Fair Bayesian Data Selection via Generalized Discrepancy Measures
This addresses fairness problems in high-stakes applications by offering a scalable, data-centric solution with theoretical guarantees, though it is incremental as it builds on existing discrepancy measures.
The paper tackles fairness issues in machine learning by proposing a Bayesian data selection framework that aligns group-specific posterior distributions to mitigate biases, achieving improved fairness and accuracy on benchmark datasets.
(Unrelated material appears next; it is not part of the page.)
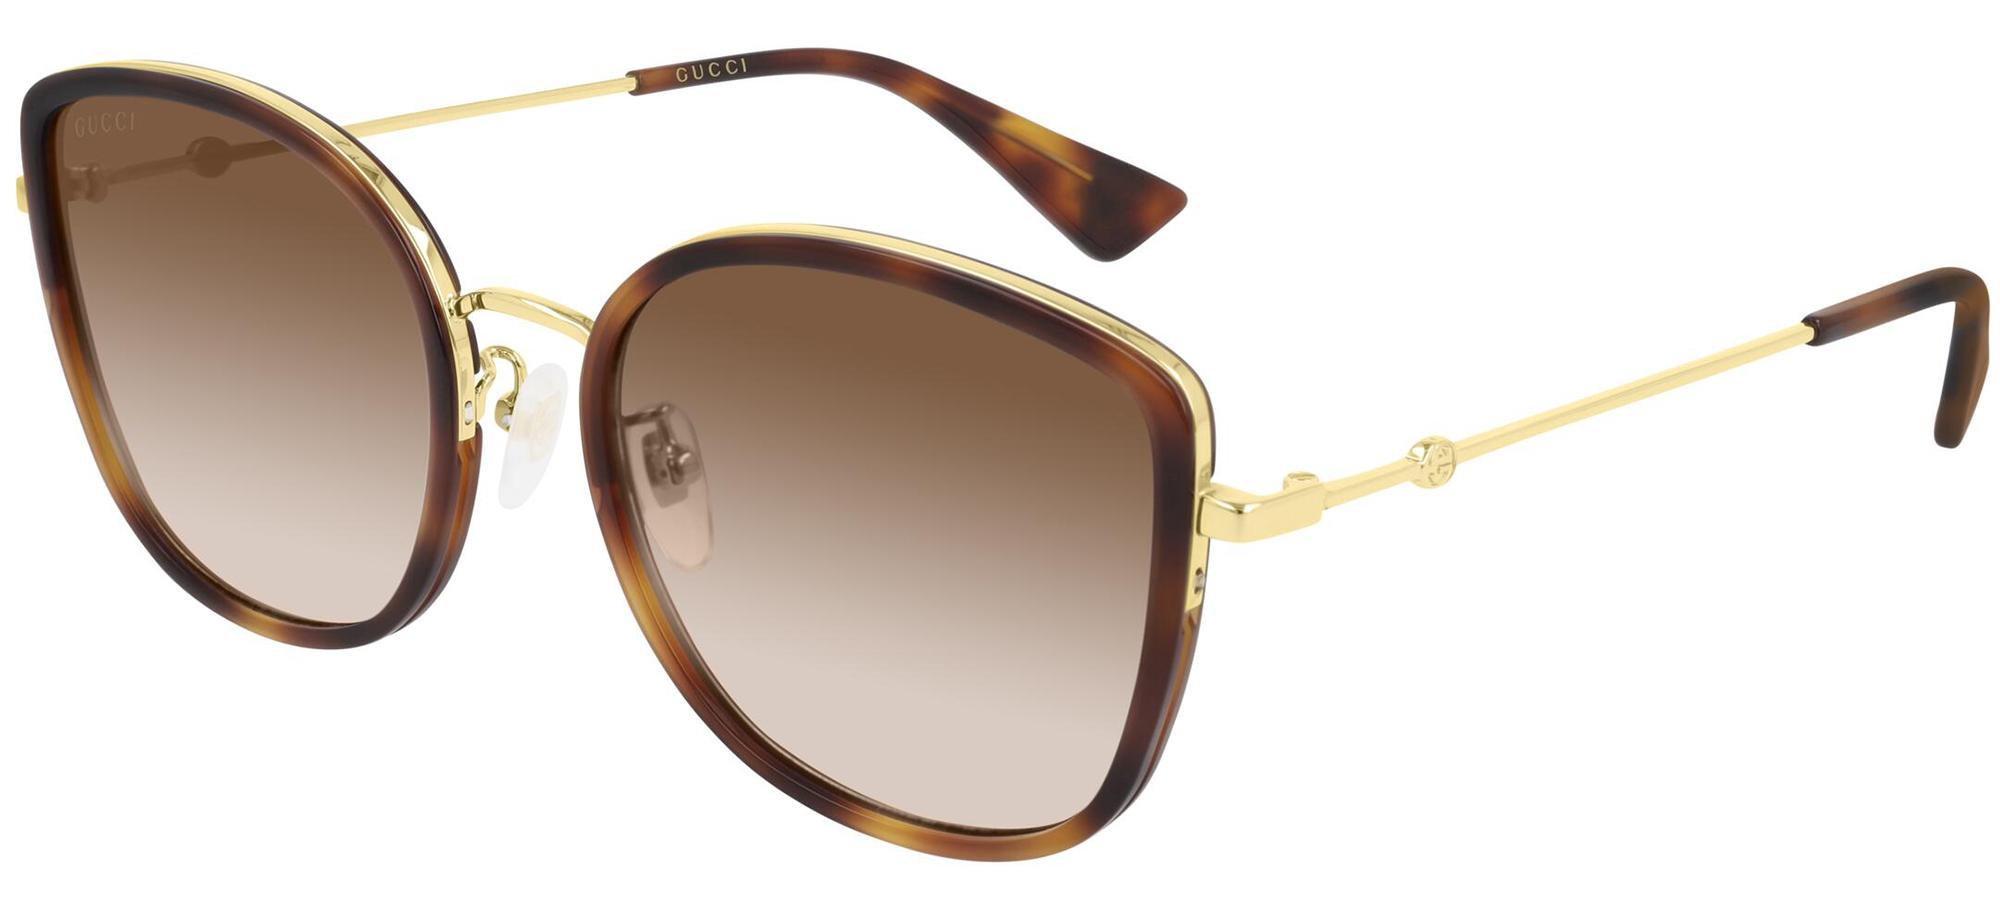 Sunglasses GUCCI original GG0606SK 004 56-19 Havana Gold

Fairness concerns are increasingly critical as machine learning models are deployed in high-stakes applications. While existing fairness-aware methods typically intervene at the model level, they often suffer from high computational costs, limited scalability, and poor generalization. To address these challenges, we propose a Bayesian data selection framework that ensures fairness by aligning group-specific posterior distributions of model parameters and sample weights with a shared central distribution. Our framework supports flexible alignment via various distributional discrepancy measures, including Wasserstein distance, maximum mean discrepancy, and $f$-divergence, allowing geometry-aware control without imposing explicit fairness constraints. This data-centric approach mitigates group-specific biases in training data and improves fairness in downstream tasks, with theoretical guarantees. Experiments on benchmark datasets show that our method consistently outperforms existing data selection and model-based fairness methods in both fairness and accuracy.